--- START ---

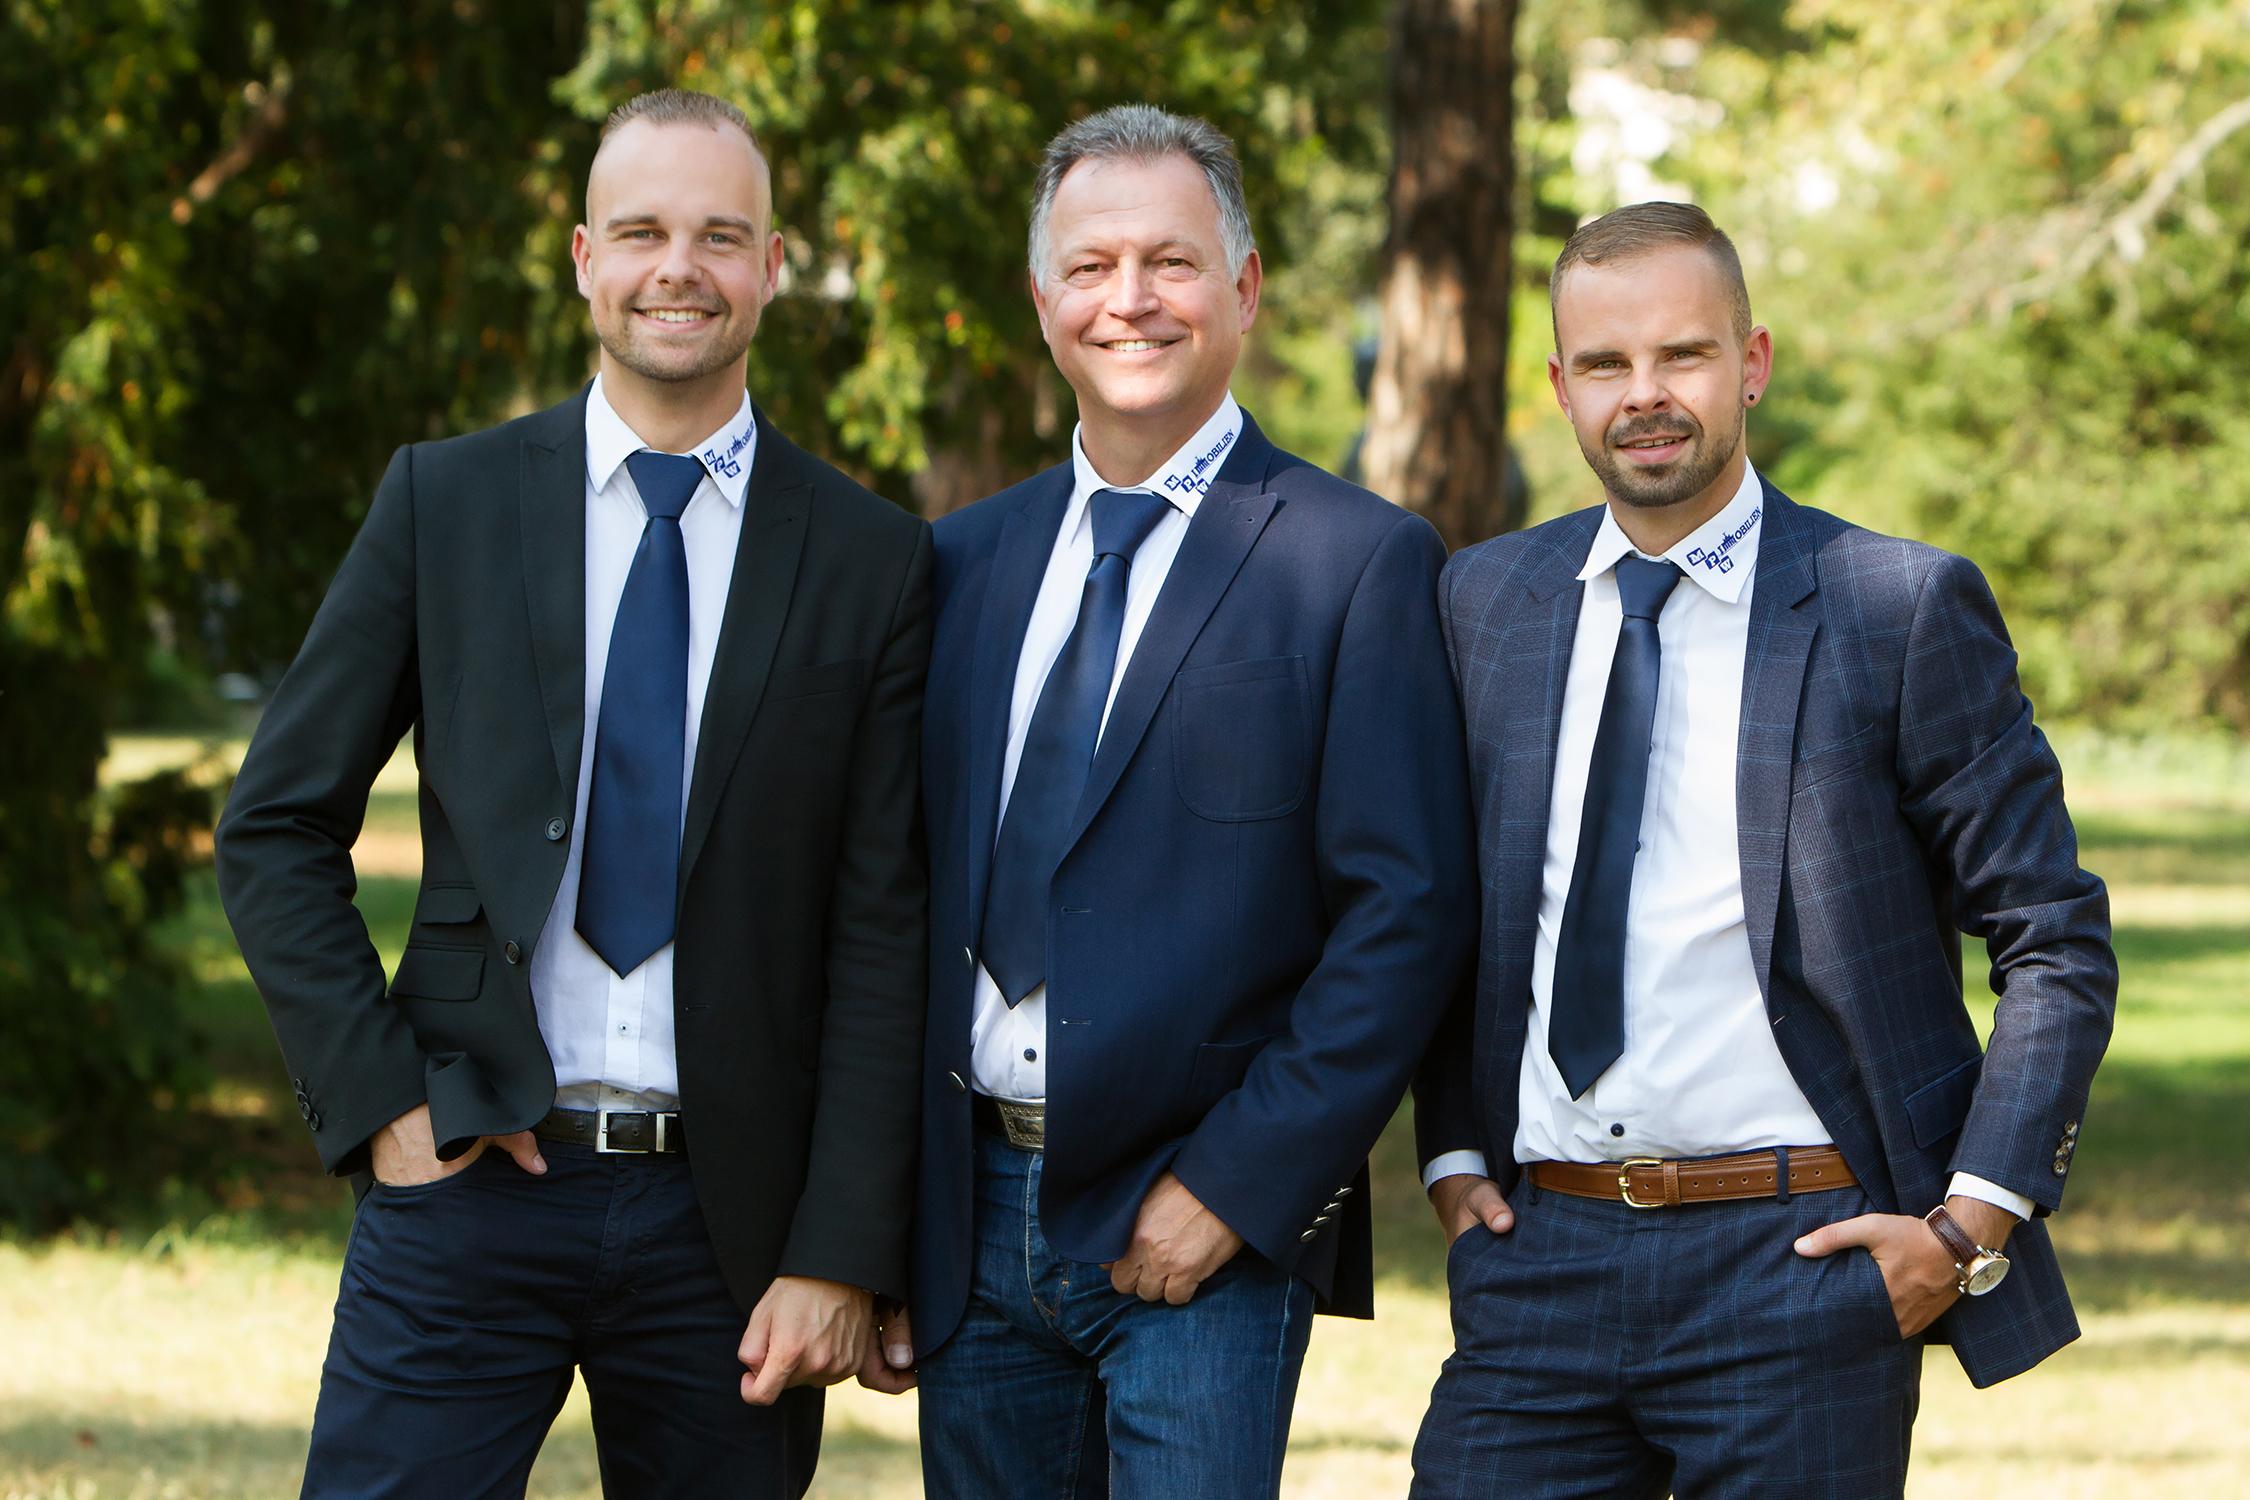 Die Makler Daniel Werner, Michael Werner, Christian Werner (von links nach rechts)
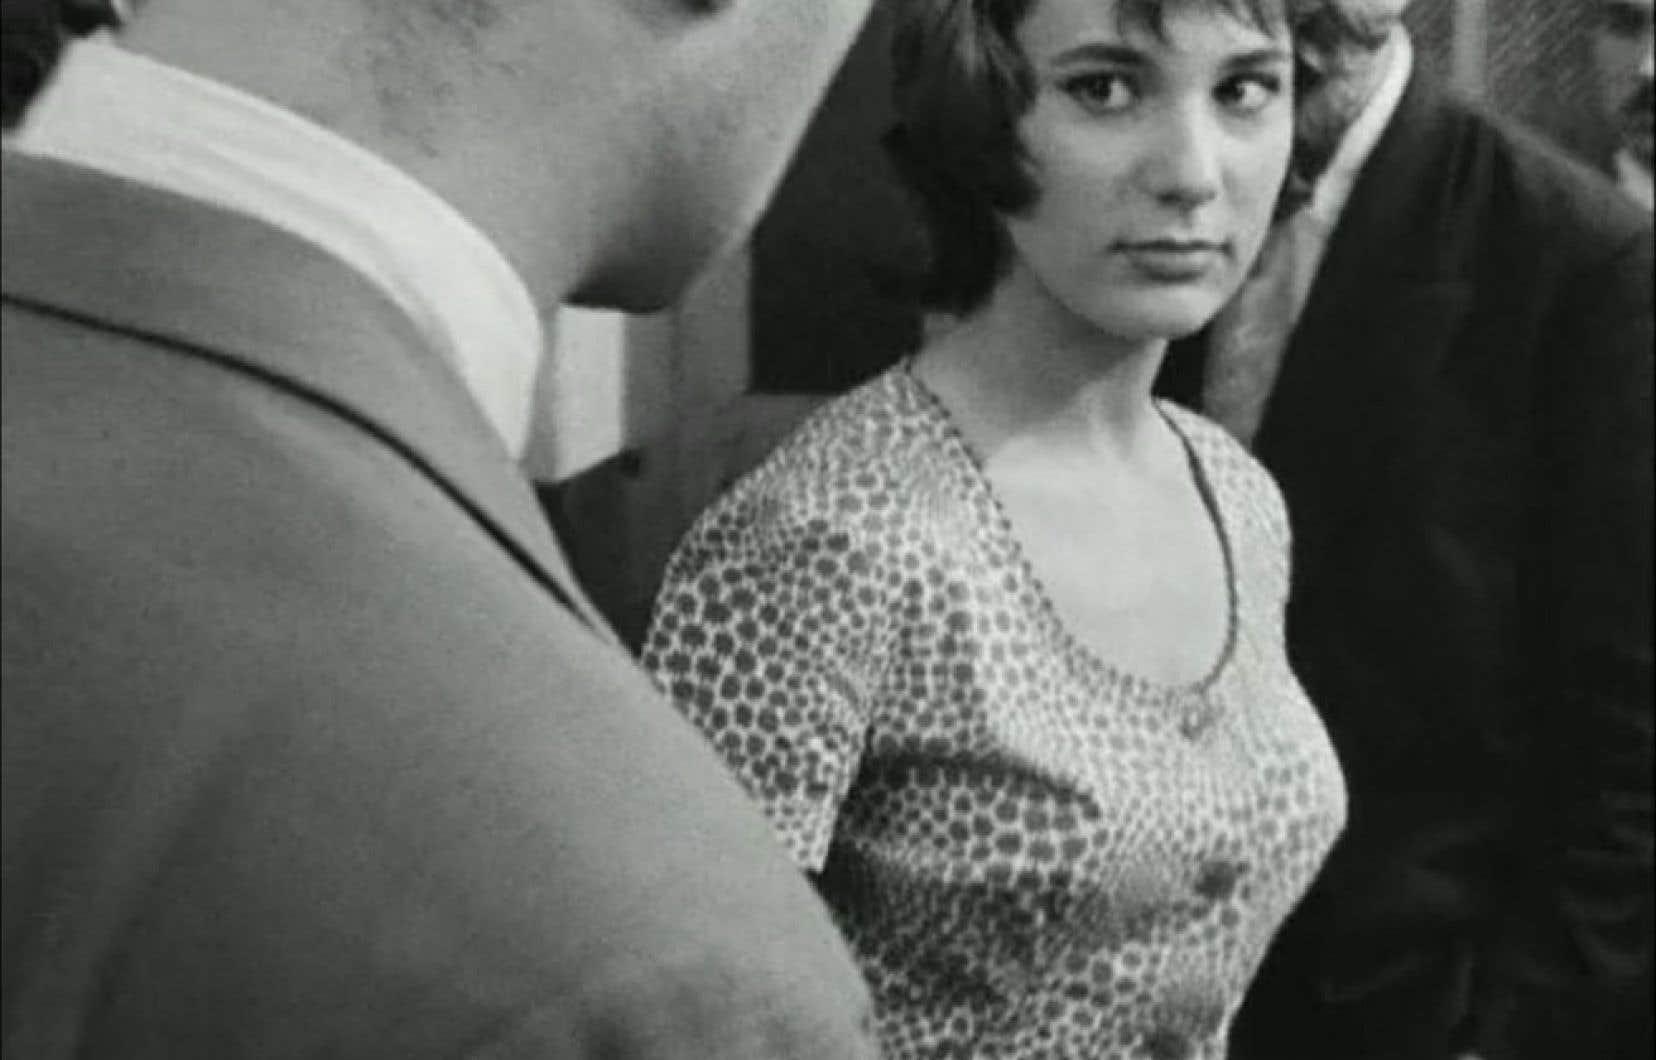 En 1958, Bernadette Lafont a captivé les cinéphiles dans Le beau Serge, le premier long métrage de Claude Chabrol. Cette image est tirée de la bande-annonce originale du film, qui a lancé la Nouvelle Vague.
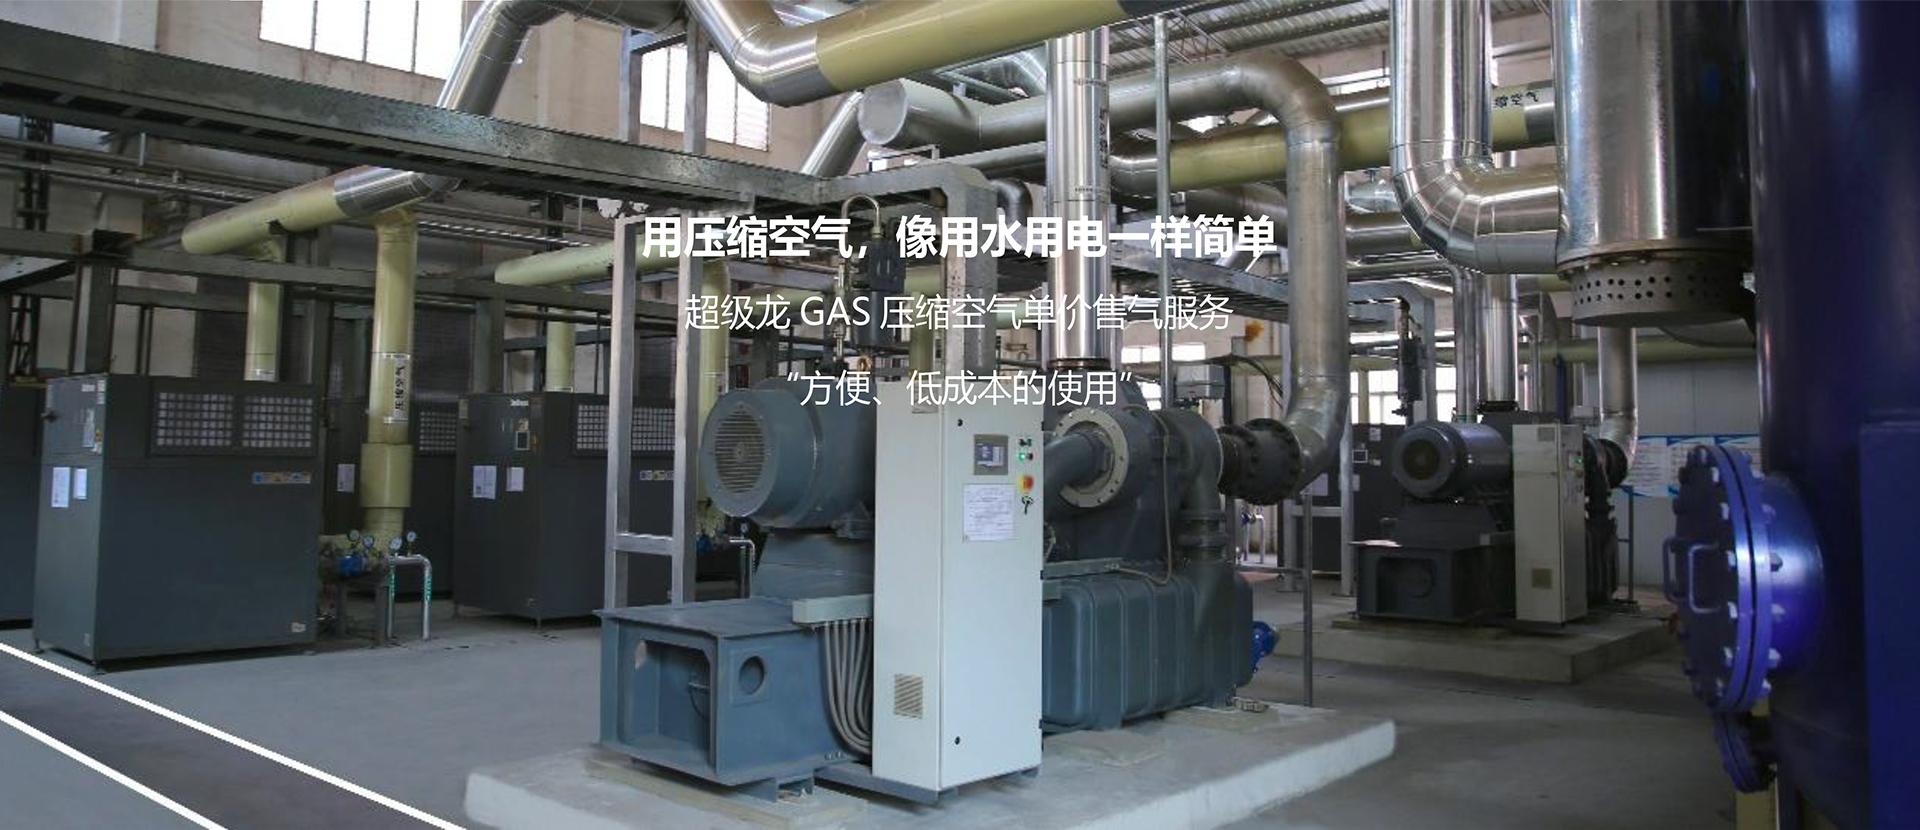 空压机升级改造-空压机合同能源管理

--- END ---

Task to complete
Repeat the data exactly as given. Keep every picture out of the copy.

Answer space
 Die Makler Daniel Werner, Michael Werner, Christian Werner (von links nach rechts)
 En 1958, Bernadette Lafont a captivé les cinéphiles dans Le beau Serge, le premier long métrage de Claude Chabrol. Cette image est tirée de la bande-annonce originale du film, qui a lancé la Nouvelle Vague.
 空压机升级改造-空压机合同能源管理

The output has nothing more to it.